For the actual execution of the experiments, batch tests are to be carried out first, analogous to the IVT. Here, especially influencing variables that are difficult to capture by simulation, such as the oligonucleotide encapsulation, are to be investigated.
The composition of the lipid mix is taken from the literature. Here, the N/P ratio is particularly crucial for feasibility. This describes the ratio of amine groups in the ionizable lipid to the number of phosphates in the backbone of the oligonucleotides. The optimal N/P ratio for the mRNA vaccine developed by BioNTech and Pfizer is 6 [98].
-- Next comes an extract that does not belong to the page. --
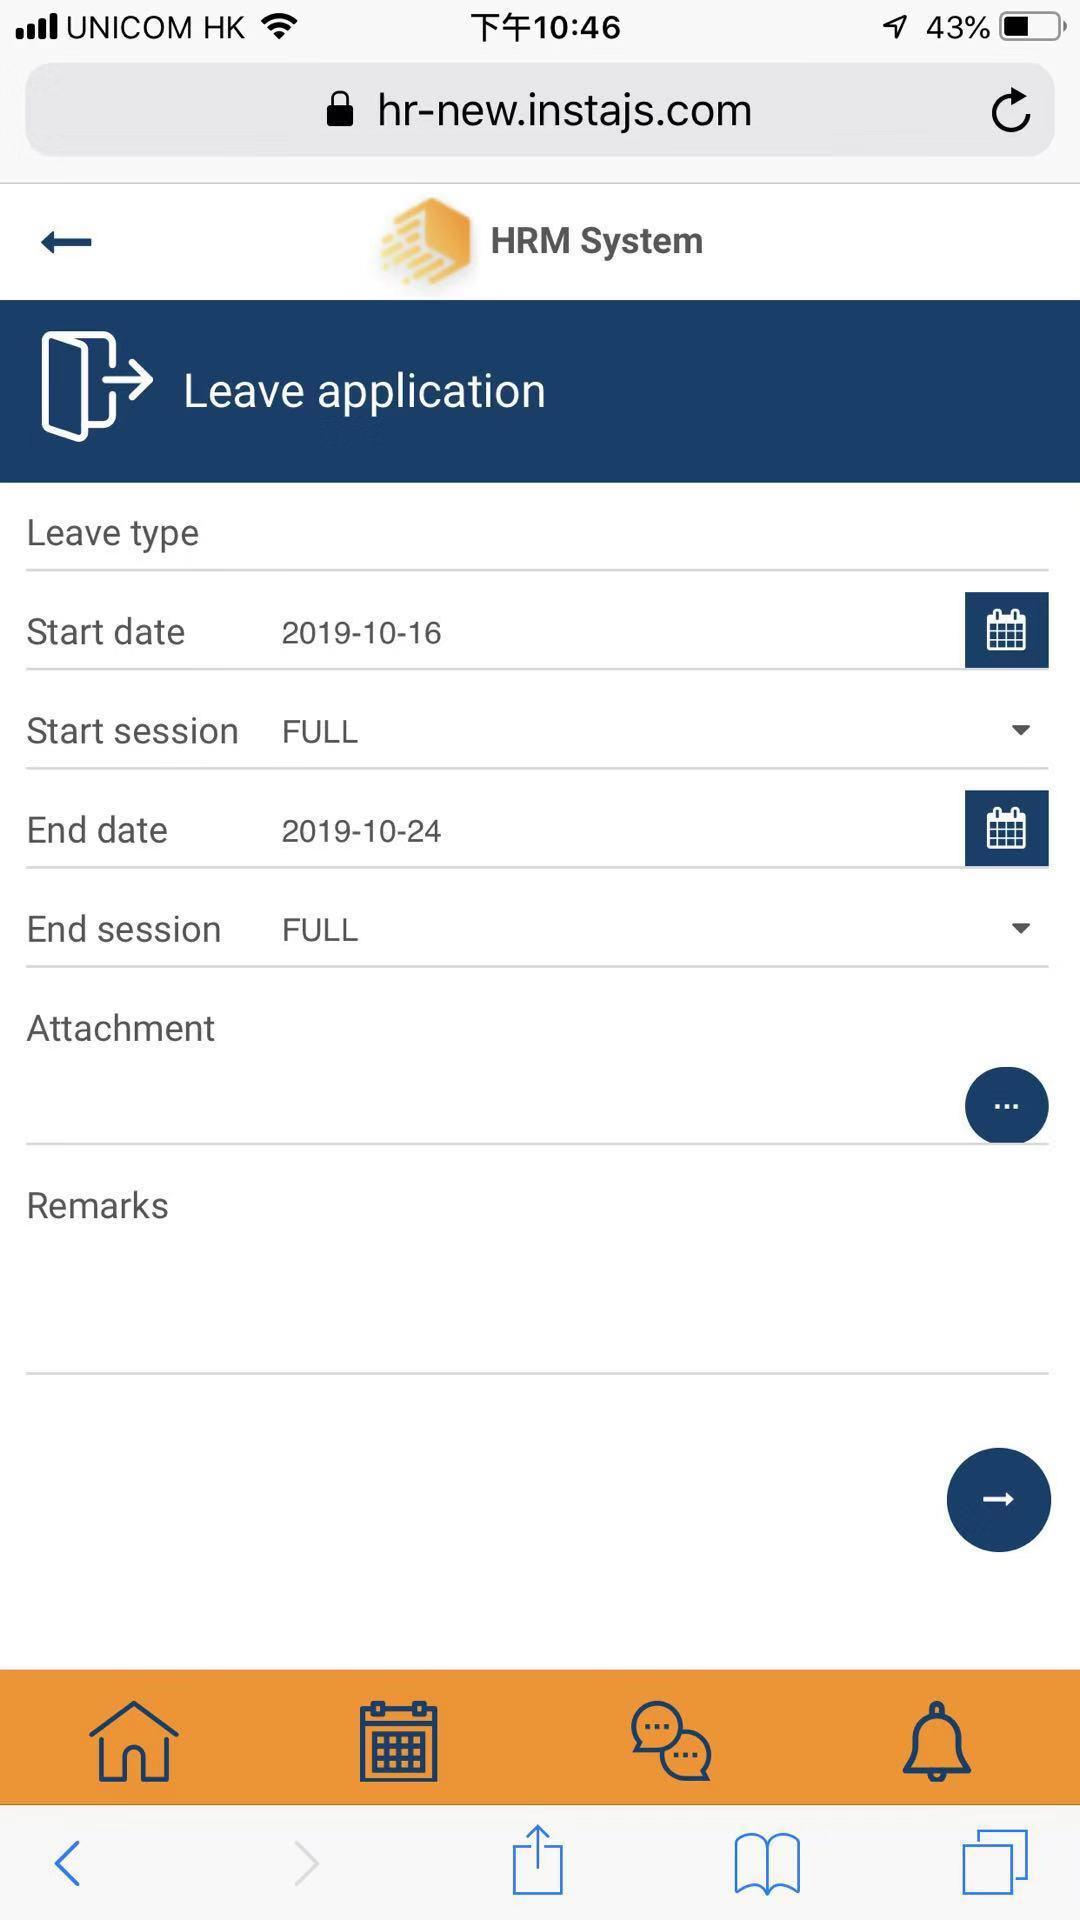 IJS HR mobile leave application

To demonstrate feasibility, LNPs are first generated without oligonucleotides at a smaller scale of 0.5 mL. Subsequently, this will be performed at the same scale with the use of non-linearized pDNA. The two experiments are then repeated in a larger scale of 1.5 mL to demonstrate scale-up and reproducibility. Finally, the transferability to linearized pDNA and mRNA will be investigated in two experiments of 1.5 mL each. The experimental design with the exact compositions is shown in Table 10.
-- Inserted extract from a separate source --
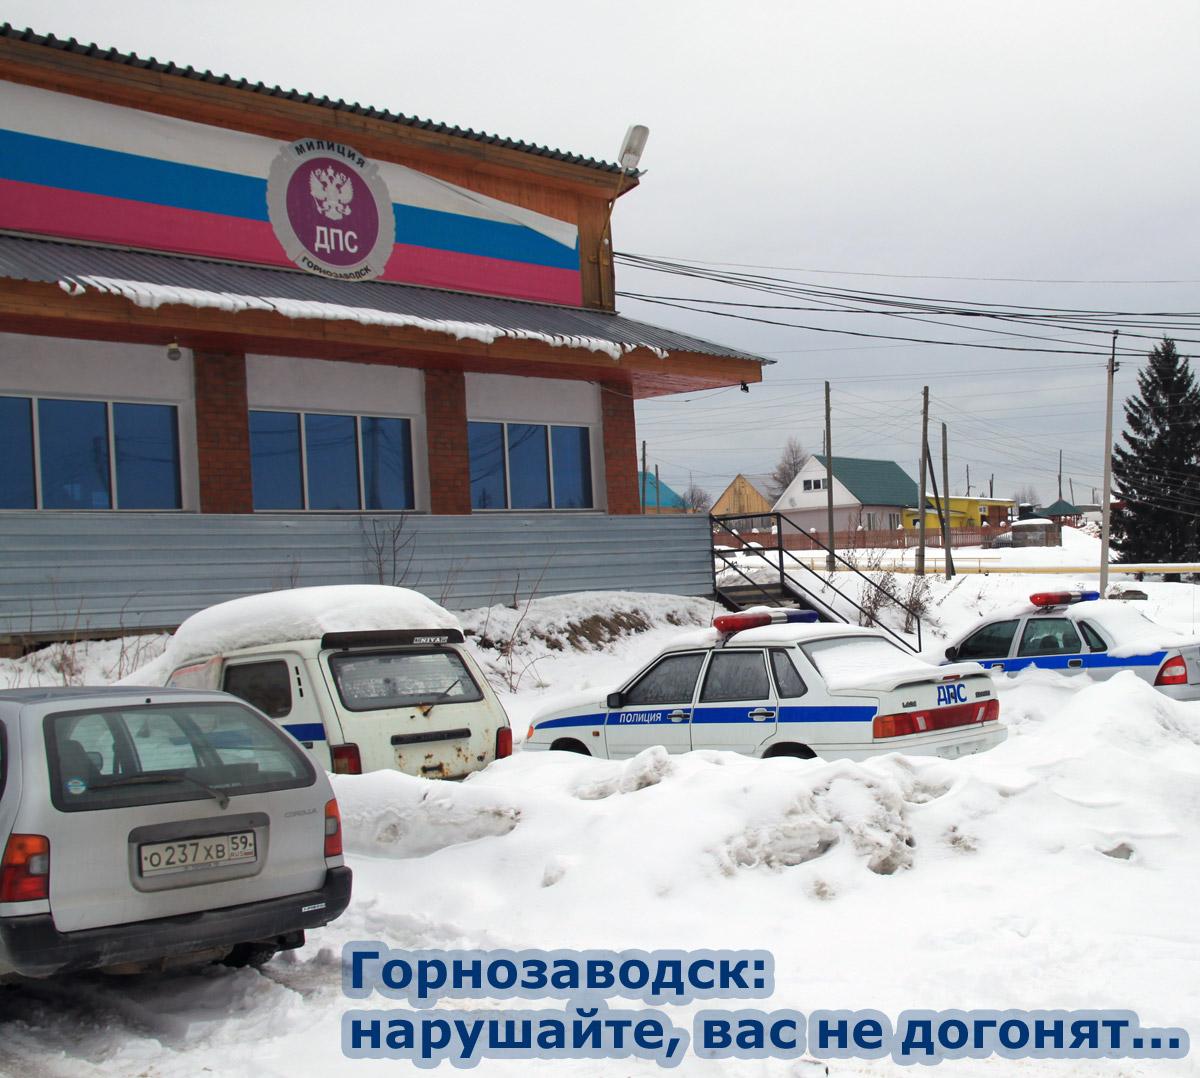 ГАИ в Горнозаводске

All experiments of the experimental design are carried out in sections by pipetting. Finally, the scale-up to the mixing section takes place. This is shown in Figure 26.
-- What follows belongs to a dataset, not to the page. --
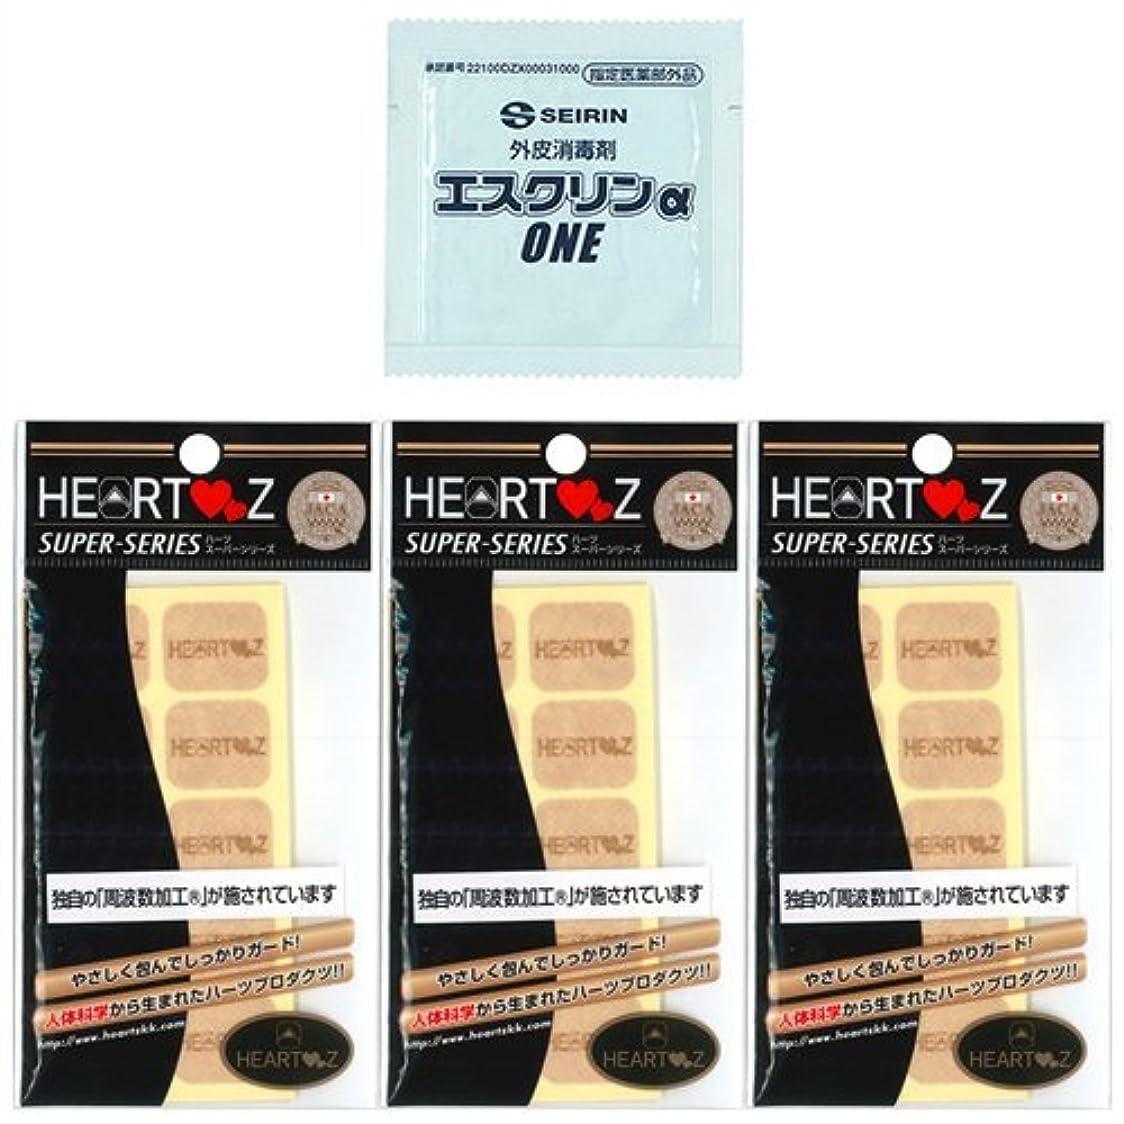 まばたきうねるサービス【HEARTZ(ハーツ)】ハーツスーパーシール レギュラータイプ 80枚入×3個セット (計240枚) + エスクリンαONEx1個 セット

To determine the integrity of lipids, the combination of RP chromatography with an ELSD has been discussed in the literature [99]. The size distribution of the LNPs is performed by size-exclusion chromatography (SEC) and downstream MALS/DLS [100,101].

4. Discussion and Conclusions

This experimental study proves the feasibility of the invented slug-flow concept as a solution to the task of scaling-up 1000 clinical doses to 10 million doses at production scale in only one qualified and validated plant. The system was initially run without the use of the expensive reaction mixture with slug generation to demonstrate the applicability and accuracy of signal-based fractionation. This study has shown that both UV detectors and conductivity detectors are suitable for detecting the generated slug. In addition, it is even possible to isolate the product fraction so that a yield of 100% with a purity of >98% is achieved.
The reproducibility of generating and fractionating such a slug flow for 1000 doses in a 10-millon dose plant is less than or equal to +/−1%, i.e., extremely accurate. This even allows fractionation with a yield close to 100% with standard well-controlled pumps, e.g., via mass flow controllers and classical PID controllers. Nevertheless, different detectors, such as UV or conductivity, as well as DAD or FTIR, can be used, as shown in this study, to detect the phase boundary and give the exact fractionation signal to a valve. Yields close to 100% are possible. Purities, i.e., contamination of the main phase containing mRNA with the immiscible separation phase, are possible on the order of about 98%. To avoid yield losses, a safety margin, i.e., earlier switching of the valve, of 5–10% can be applied. In this case, a maximum of 5 or 10 vol% of foreign phase is produced. From 4 mL of slug, 4 mL of slug + 0.2 or 0.4 mL of displacement phase would then leave the PFR.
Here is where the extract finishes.